Waze drivers with access to the platform’s editable road maps have, over the past weeks, changed the name of the fence running between Israel proper and the West Bank, with the name seesawing between “Security Fence” and “Separation Wall.” This makes the commuter app the latest battleground in an ongoing “political mapping” struggle between supporters of Israel and those opposed to its policies.
A spokesperson for Waze said that the company did not know anything about it and did not get involved in politics.
Waze is the app drivers around the world turn to for information about their commutes. The platform collects information including traffic, speed, accidents, potholes, and police surveillance and broadcasts it out to users of the app. Waze uses GPS location services and other smartphone features to automatically gauge how fast and where a driver is traveling, then transposes the information onto a map. Maps are updated automatically on a regular basis to reflect closures, construction and new additions.
To ensure maximum accuracy, Waze also allows online users to edit the maps. The idea is to enable residents to update street or neighborhood names, details the platform can’t update automatically. Those changes are reflected on the maps seen in the mobile versions of the app.
Waze drivers have access to landmarks. The security fence, the official name used by the Defense Ministry for the structure, is one of the most politicized landmarks in the world. The fence roughly follows the Green Line (the 1949 armistice lines), with forays into the areas of the settlement blocs in Judea (Gush Etzion, Beitar, Maaleh Adumim) and Samaria (the Ariel bloc).
The structure’s name is also a matter of fierce political contention. According to the BBC style guide, for example, “security fence” is itself a political term, buying into the Israeli government’s claim of what it is supposed to be. The BBC usually uses “separation fence.”
A quick perusal of sites of organizations not suspected of sympathy to the Zionist cause (Al Jazeera, Electronic Intifada), along with Israeli groups opposed to Israel’s West Bank presence (Btselem, Peace Now) indicates a preference for the term “separation barrier” or “separation wall,” going against those who believe that the fence has saved Israeli lives by keeping terrorists outside Israeli population centers. According to the Defense Ministry, most of the fence is a fence. The “wall” part is built along portions of the fence where there are large Palestinian and Israeli population centers, such as in Jerusalem and next to the Palestinian towns of Kalkilya and Tulkarem, which are adjacent to Kfar Saba and the suburbs of Netanya respectively.
It appears that the gauntlet has been raised by both sides. Over the past week, portions of the structure have sported both “security fence” and “separation wall,” with the names switching back and forth, sometimes several times a day. The names appear in more than a dozen spots along the length of the structure.

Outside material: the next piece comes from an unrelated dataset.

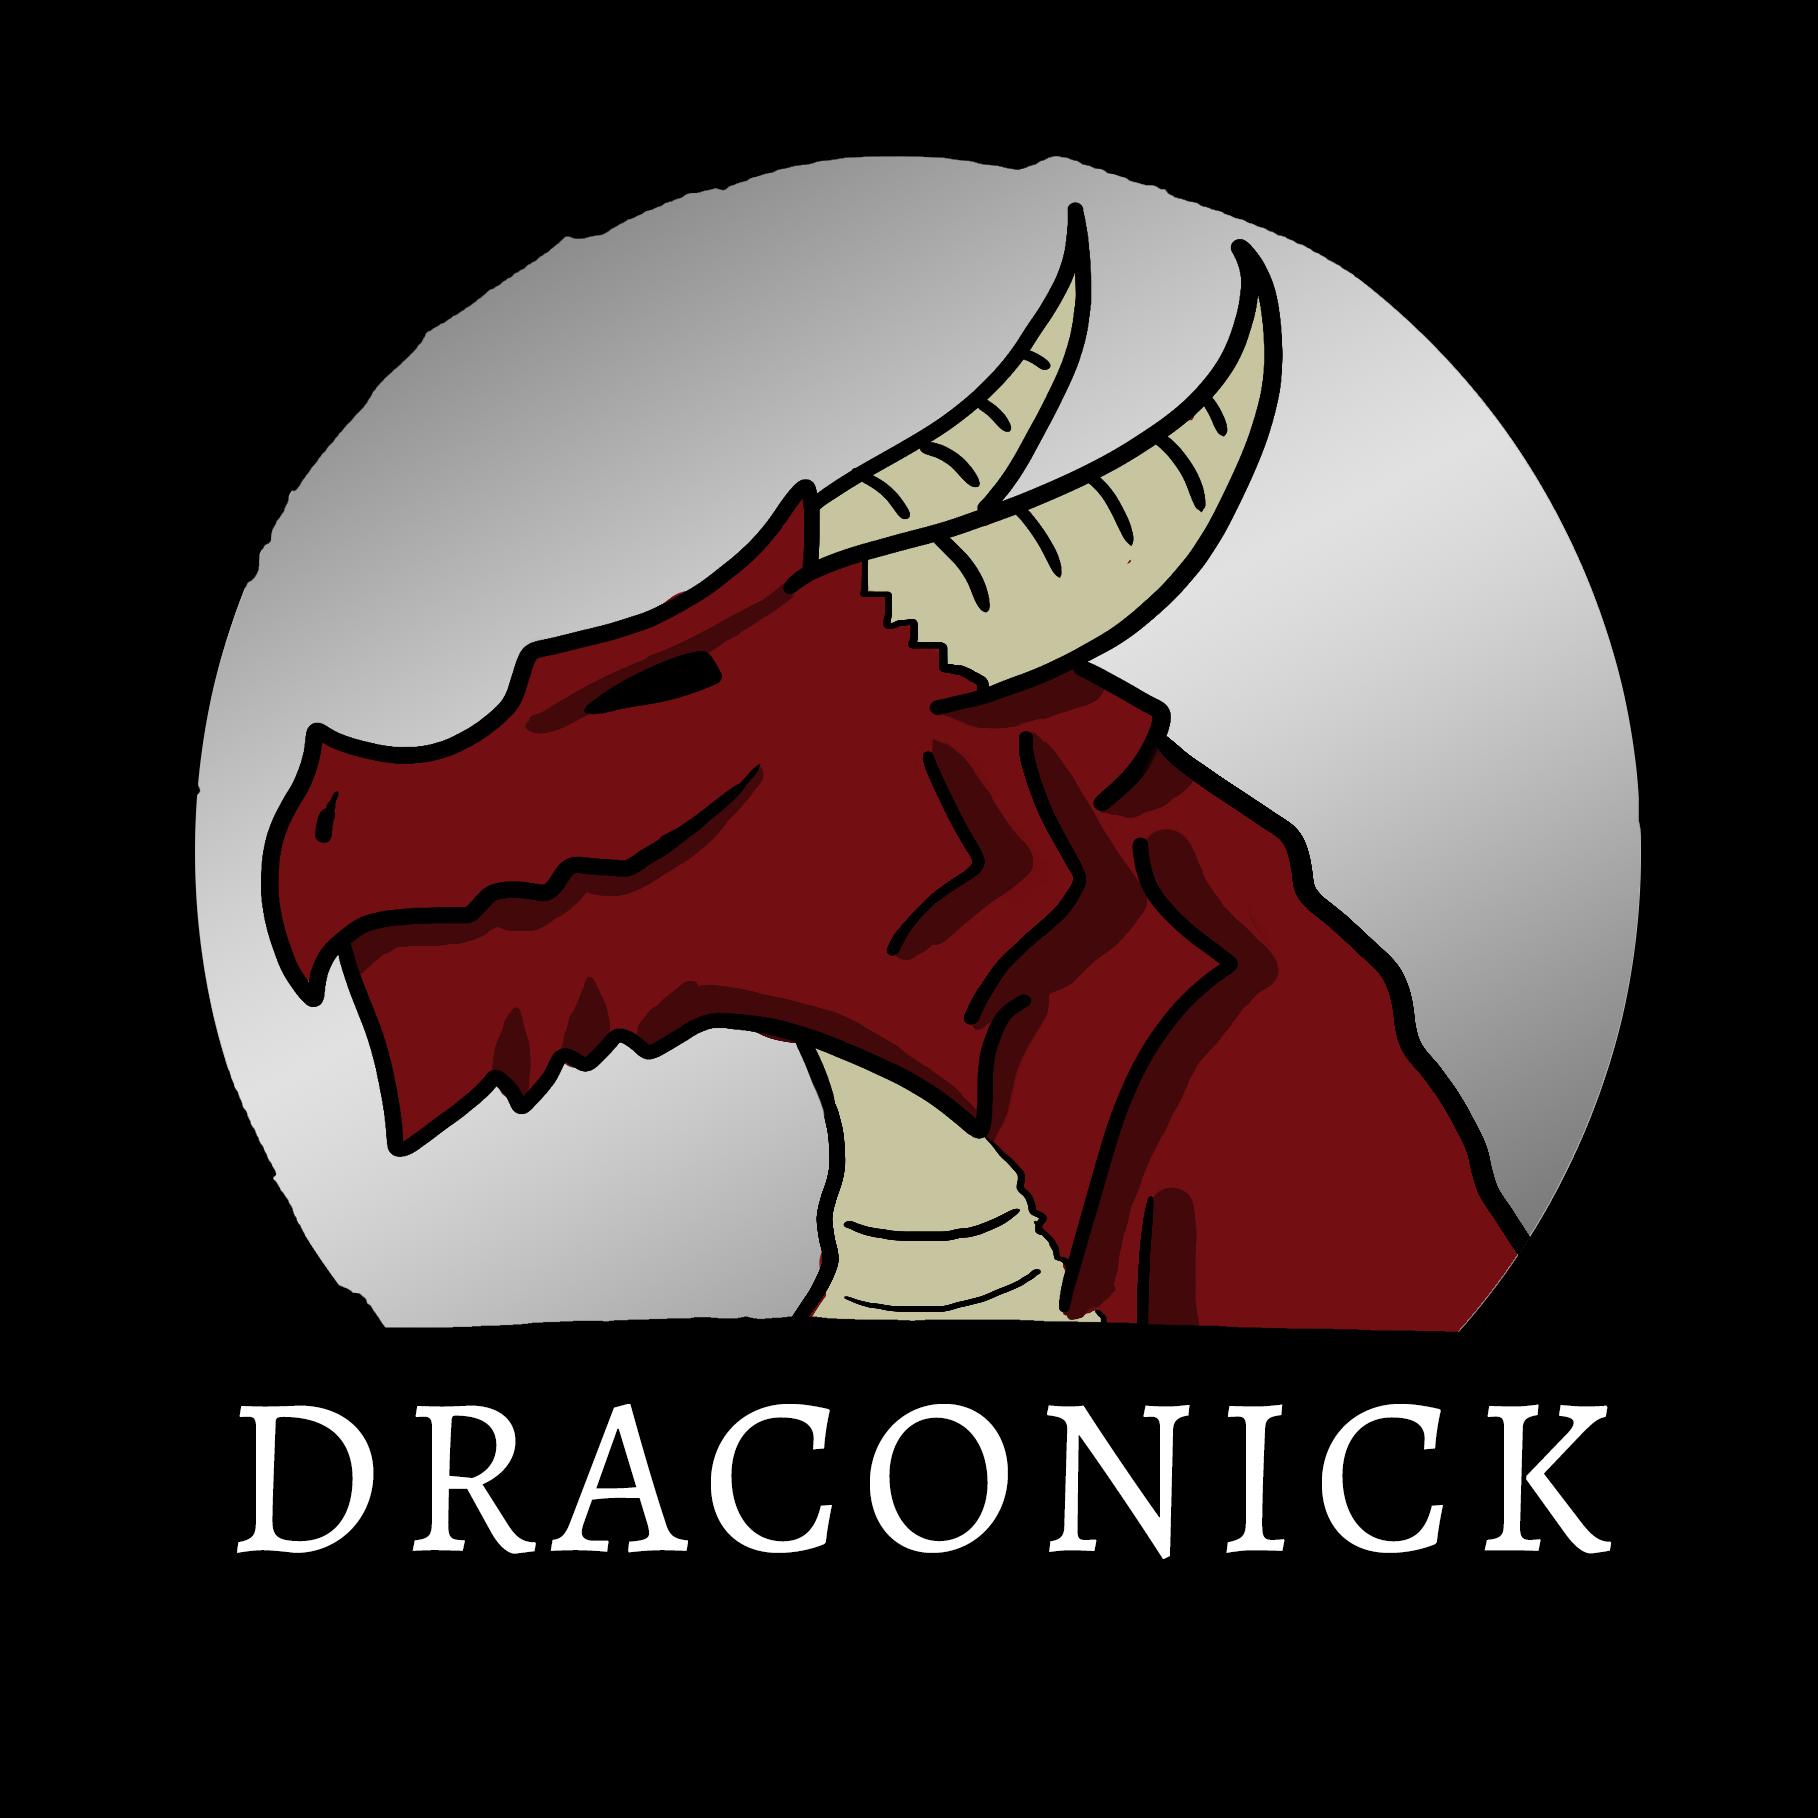 @Draconick Profile Image | Linktree
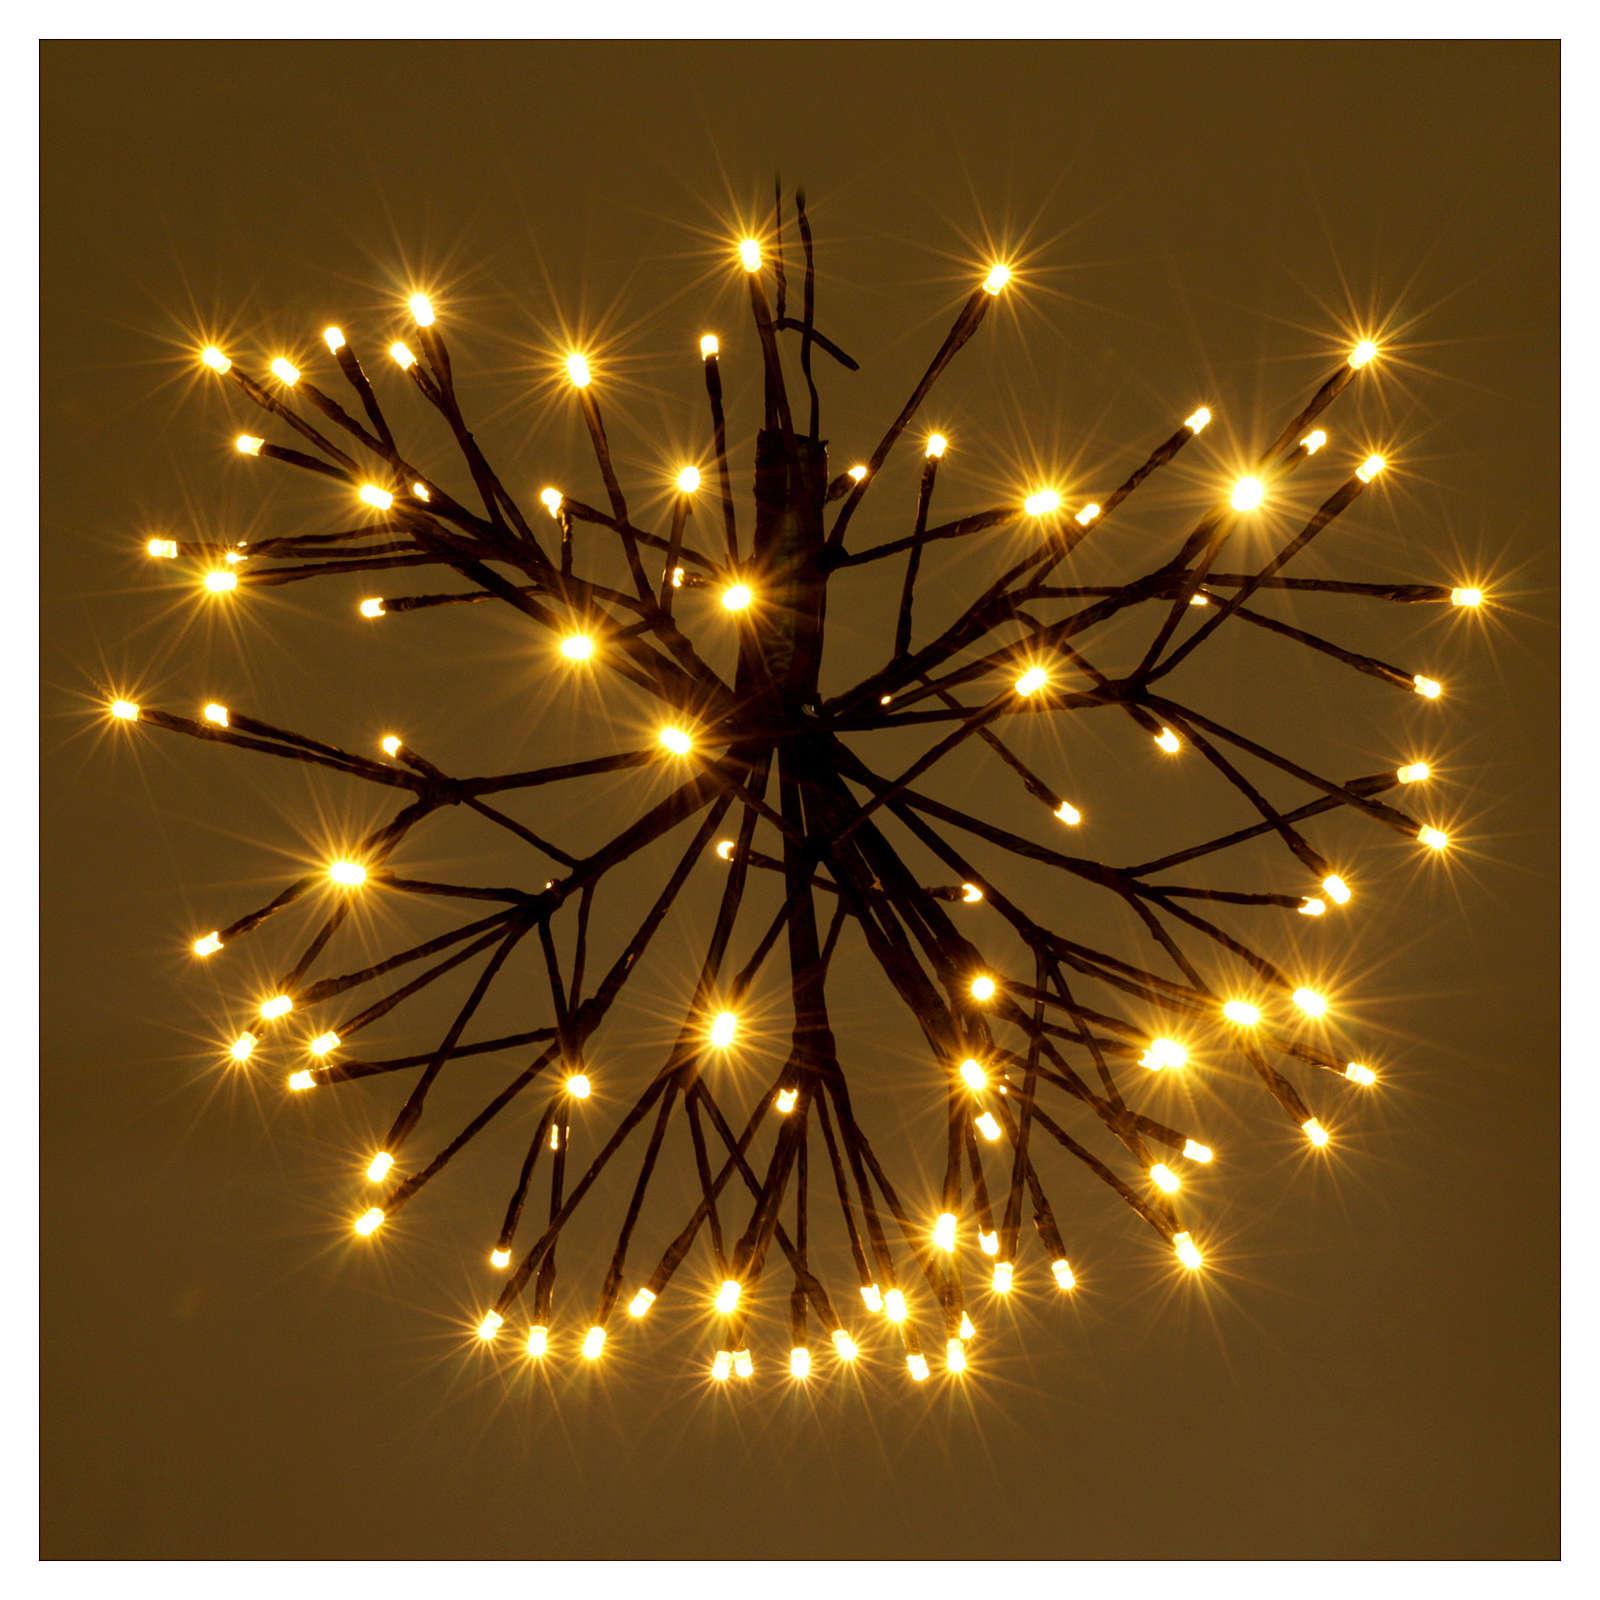 Christmas light firework effect 96 warm white Leds internal and external use 3

If Waze users on either side are trying to change the app’s map to reflect their political viewpoint, the efforts seem to be individual in nature. Spokespeople for Israeli activist groups on the both the left and right (Peace Now, B’Tselem, Regavim, Im Tirzu) said that they were not aware of any organized campaign to politicize Waze maps. Tal Grunberg, an activist behind a petition to get Israeli TV weather maps, school textbooks and Waze to display the Green Line, said he had nothing to do with the matter.
“All maps of Israel that are taught in schools, are shown in the media, Waze and in weather reports, show Israel as a land that had already annexed the West Bank,” said Grunberg. “This constitutes a blunt indoctrination that affects students, soldiers and civilians. Generations are raised to believe that the West Bank is a part of Israel despite the fact that these territories were never annexed by any of the Israeli governments since 1967.” While he is happy that “someone is bringing some sense to Waze,” he doesn’t know whom to congratulate.
A Waze spokesperson said the company was unaware of the matter. “We’re a technology company, and we don’t take political stances. The data on our maps comes from Waze users,” the spokesperson said.
Waze is now owned by Google, which has its own editable maps, where users can add place names and landmarks. Google Maps shows the route of the fence, but does not call it anything. It also displays the Green Line. However, Google Maps for Israel is not currently editable. According to Internet rumor, this is because the company is concerned about political map editing. A spokesperson for Google had no comment. It should be noted that Google Maps editing is also closed in Russia, China, Spain, Ireland and Portugal, all of which currently have unclear or unresolved territorial disputes with neighbors. Maps for Jordan and Lebanon are not editable either. Meanwhile, Waze maps continue to be publicly editable, and the company said they have no plans to change that at this time.